Could you copy every line in the listing below that has the word "Lyst"?

┄┄┄┄┄┄

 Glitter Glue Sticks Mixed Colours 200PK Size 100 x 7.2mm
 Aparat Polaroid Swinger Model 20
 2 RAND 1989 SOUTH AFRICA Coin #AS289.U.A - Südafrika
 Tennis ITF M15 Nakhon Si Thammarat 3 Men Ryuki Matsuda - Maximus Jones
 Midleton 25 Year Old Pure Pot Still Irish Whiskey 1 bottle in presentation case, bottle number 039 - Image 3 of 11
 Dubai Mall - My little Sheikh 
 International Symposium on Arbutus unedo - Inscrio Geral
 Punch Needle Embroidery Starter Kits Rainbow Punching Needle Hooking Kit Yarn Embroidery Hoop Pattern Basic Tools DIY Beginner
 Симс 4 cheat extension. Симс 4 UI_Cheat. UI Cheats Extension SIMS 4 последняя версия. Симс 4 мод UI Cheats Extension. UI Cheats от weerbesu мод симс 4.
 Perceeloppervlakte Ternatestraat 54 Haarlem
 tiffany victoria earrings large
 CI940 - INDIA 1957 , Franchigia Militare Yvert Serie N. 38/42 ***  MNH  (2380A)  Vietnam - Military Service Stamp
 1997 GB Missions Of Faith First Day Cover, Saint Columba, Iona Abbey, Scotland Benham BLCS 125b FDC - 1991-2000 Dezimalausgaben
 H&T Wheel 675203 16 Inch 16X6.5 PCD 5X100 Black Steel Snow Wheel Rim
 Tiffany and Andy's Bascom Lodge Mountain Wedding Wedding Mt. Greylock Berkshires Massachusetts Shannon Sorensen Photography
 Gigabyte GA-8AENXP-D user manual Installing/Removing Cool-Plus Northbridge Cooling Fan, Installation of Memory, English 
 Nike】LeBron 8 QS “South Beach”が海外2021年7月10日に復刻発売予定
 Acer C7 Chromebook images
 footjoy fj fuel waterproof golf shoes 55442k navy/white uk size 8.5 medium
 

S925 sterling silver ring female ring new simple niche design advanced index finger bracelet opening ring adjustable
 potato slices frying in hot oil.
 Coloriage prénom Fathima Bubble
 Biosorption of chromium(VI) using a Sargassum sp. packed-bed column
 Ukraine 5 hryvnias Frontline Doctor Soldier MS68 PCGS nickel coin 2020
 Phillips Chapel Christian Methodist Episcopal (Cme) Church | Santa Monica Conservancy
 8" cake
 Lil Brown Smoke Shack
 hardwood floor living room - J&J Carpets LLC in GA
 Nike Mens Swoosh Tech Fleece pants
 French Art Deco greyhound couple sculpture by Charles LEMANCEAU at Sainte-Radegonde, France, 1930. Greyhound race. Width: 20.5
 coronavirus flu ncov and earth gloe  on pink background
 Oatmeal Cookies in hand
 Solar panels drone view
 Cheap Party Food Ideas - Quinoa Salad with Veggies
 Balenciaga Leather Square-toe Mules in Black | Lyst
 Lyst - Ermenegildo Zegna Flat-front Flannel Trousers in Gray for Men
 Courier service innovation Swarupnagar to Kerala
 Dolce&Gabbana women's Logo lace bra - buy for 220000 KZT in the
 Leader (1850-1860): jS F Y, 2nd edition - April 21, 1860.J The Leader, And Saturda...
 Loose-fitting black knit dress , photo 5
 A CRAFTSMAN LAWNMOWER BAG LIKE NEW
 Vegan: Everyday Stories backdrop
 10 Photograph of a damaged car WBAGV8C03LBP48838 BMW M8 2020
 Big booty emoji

┄┄┄┄┄┄

§ ANSWER SECTION
 Balenciaga Leather Square-toe Mules in Black | Lyst
 Lyst - Ermenegildo Zegna Flat-front Flannel Trousers in Gray for Men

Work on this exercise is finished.